REPORT BoliviaElectionsLatin America and the CaribbeanWorld

Nickels Before Dimes: Misleading Design in Escobari and Hoover’s “Natural Experiment”

Executive Summary

In October 2019, the Plurinational State of Bolivia held legislative and presidential elections. To win in the first-round vote, the leading presidential candidate would need to win a majority of the valid votes cast, or 40 percent with a 10 percentage point lead. Because of division within the opposition, surveys suggested that support for the incumbent, Evo Morales, lay close to the latter threshold.

With 84 percent of a rapid, preliminary count of the election results completed, the Tribunal Supremo Electoral (TSE) announced partial results. At that point, Morales led the next-closest candidate, Carlos Mesa, by 7.9 percentage points. However, the outstanding polling stations were expected to strongly favor the incumbent. A Morales victory in the first round was predictable based on the data available at the time of the announcement. Indeed, the final, official result showed Morales with a sufficient 10.56 percentage point lead.

However, the Electoral Observation Mission (EOM) of the Organization of American States (OAS) cried foul, declaring the updated results represented “an inexplicable change in trend that drastically modifies the fate of the election.”1 This lent international institutional legitimacy to opposition protests disputing the results.
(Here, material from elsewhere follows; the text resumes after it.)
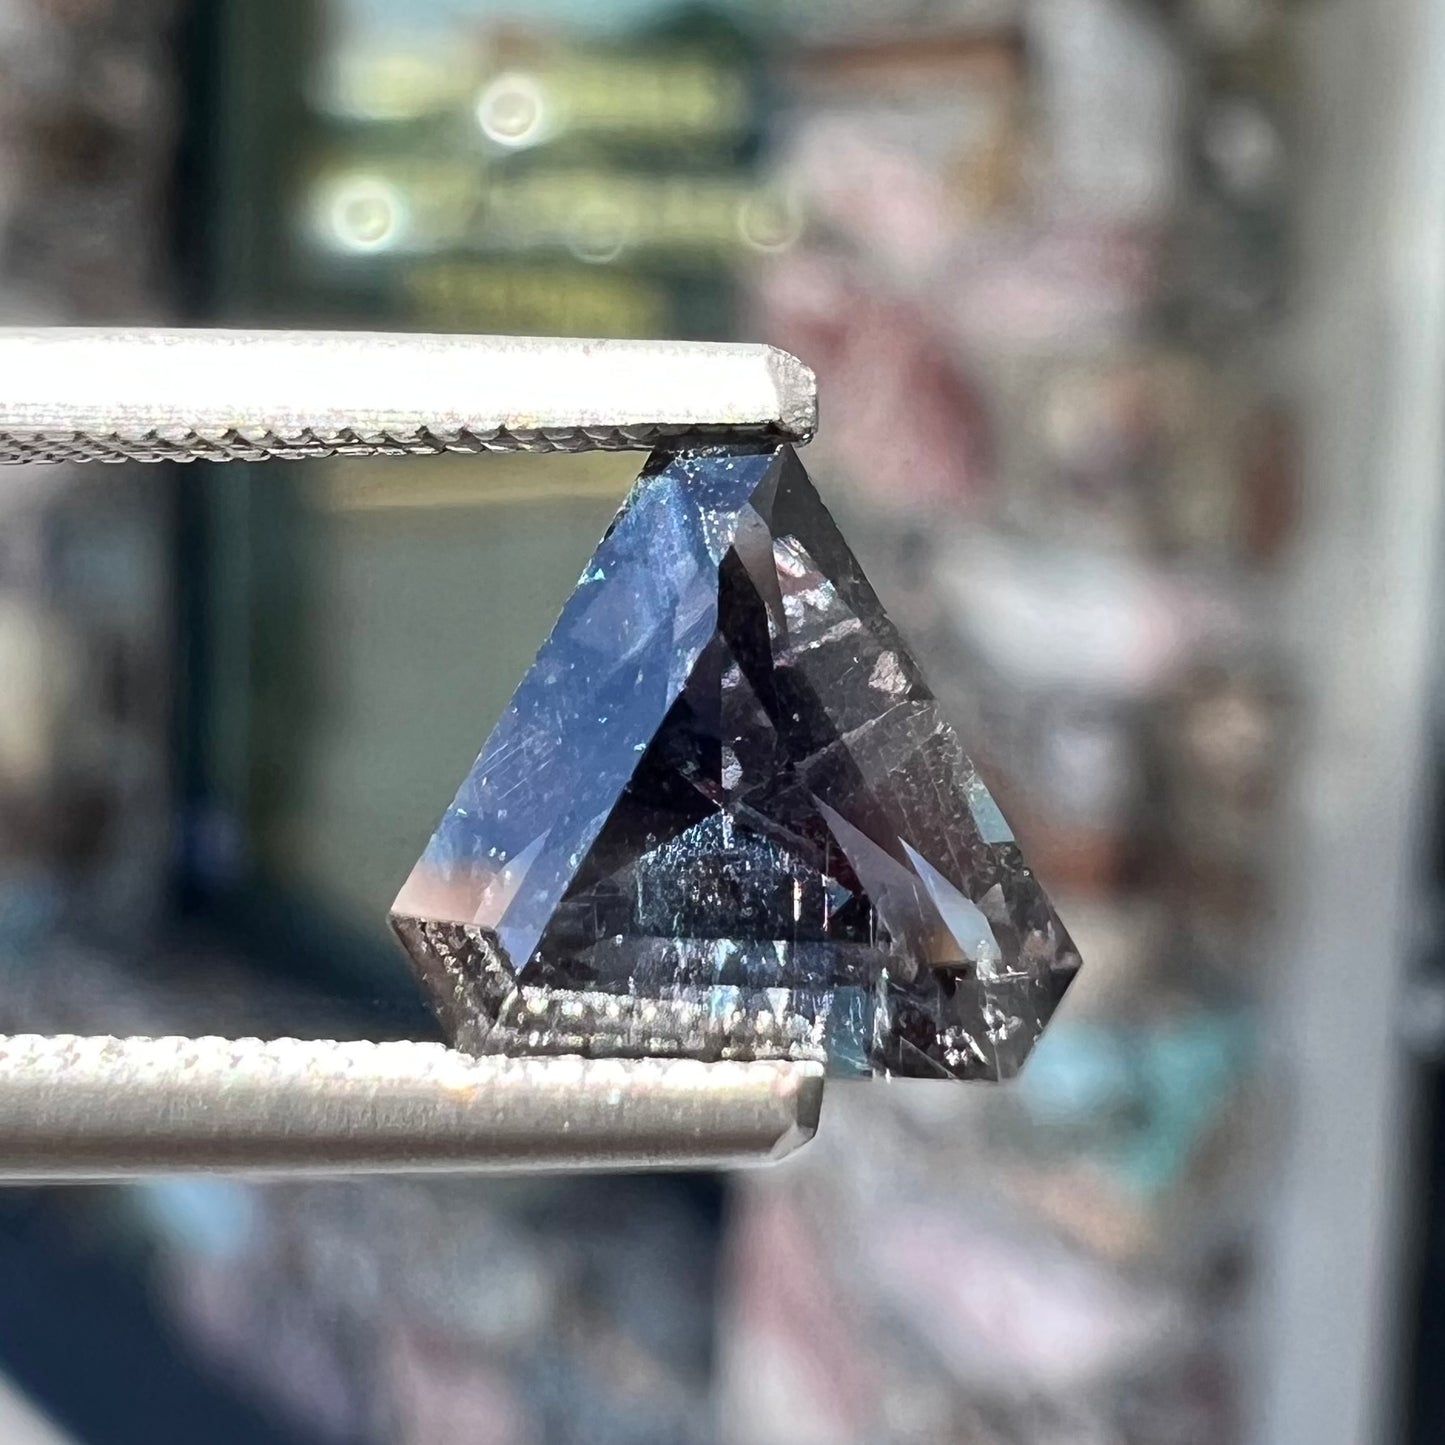 A loose, modified triangle cut parti sapphire gemstone.  The sapphire shows colors of blue, violet, purple, and gray.

These protests turned violent, threatening the lives of high-level government officials and their families alike. And following a mutiny of police forces and a public call for Morales’s resignation by the head of the military, Morales and his vice president resigned and fled to Mexico, where the Mexican foreign ministry had granted Morales asylum given “the emergency situation that he faces in Bolivia, where his life and safety are at risk.”2 Shortly afterward, an extra-constitutional government headed by Jeanine Áñez was installed and Bolivian security forces acting under the de facto government’s direction violently repressed Indigenous protesters and perpetrated massacres at Senkata and Sacaba.

Since the OAS statement, several researchers have attempted to offer statistical evidence for the OAS claims. In October 2020, just days before new elections, Diego Escobari and Gary Hoover released an extensive paper arguing that they had identified fraud sufficient to change the outcome of the 2019 election.

None of Escobari and Hoover’s claims hold up to scrutiny. In one sense, this could be an issue of semantics. If, in choosing to work from overly simplistic models, Escobari and Hoover inferred merely that their models do not fully explain the trend of increased support for Morales in the later-reported election results, then their conclusions would be less controversial. In labeling this modeling failure “fraud,” they implicitly assert that they have exhausted all benign explanations. However, they make no actual claim of exhaustion.

Only at first do they employ a “natural experiment” approach to analyzing fraud. There, they assume that the partial results presented by the TSE the evening of the election were free of fraud, while the remaining, uncounted polling stations are potentially contaminated. However, the extent of fraud they claim to measure in these late polling stations is implausible. The official results in precincts counted entirely after the announcement would need to overstate Morales’s support by 84 percentage points for their conclusions to hold.

Escobari and Hoover later abandon the claim to a natural experiment and extend their search for fraud to every single polling station in the election by contrasting results with a nationwide referendum from 2016. However, the models they apply are not well suited for the task of measuring election fraud.

Rather, when applied to simple fraud-free synthetic election data, their methods fail, reliably detecting fraud where none exists. The natural conclusions are that their approaches to fraud detection are faulty and that their claims to have measured fraud in the 2019 Bolivian elections are not supported.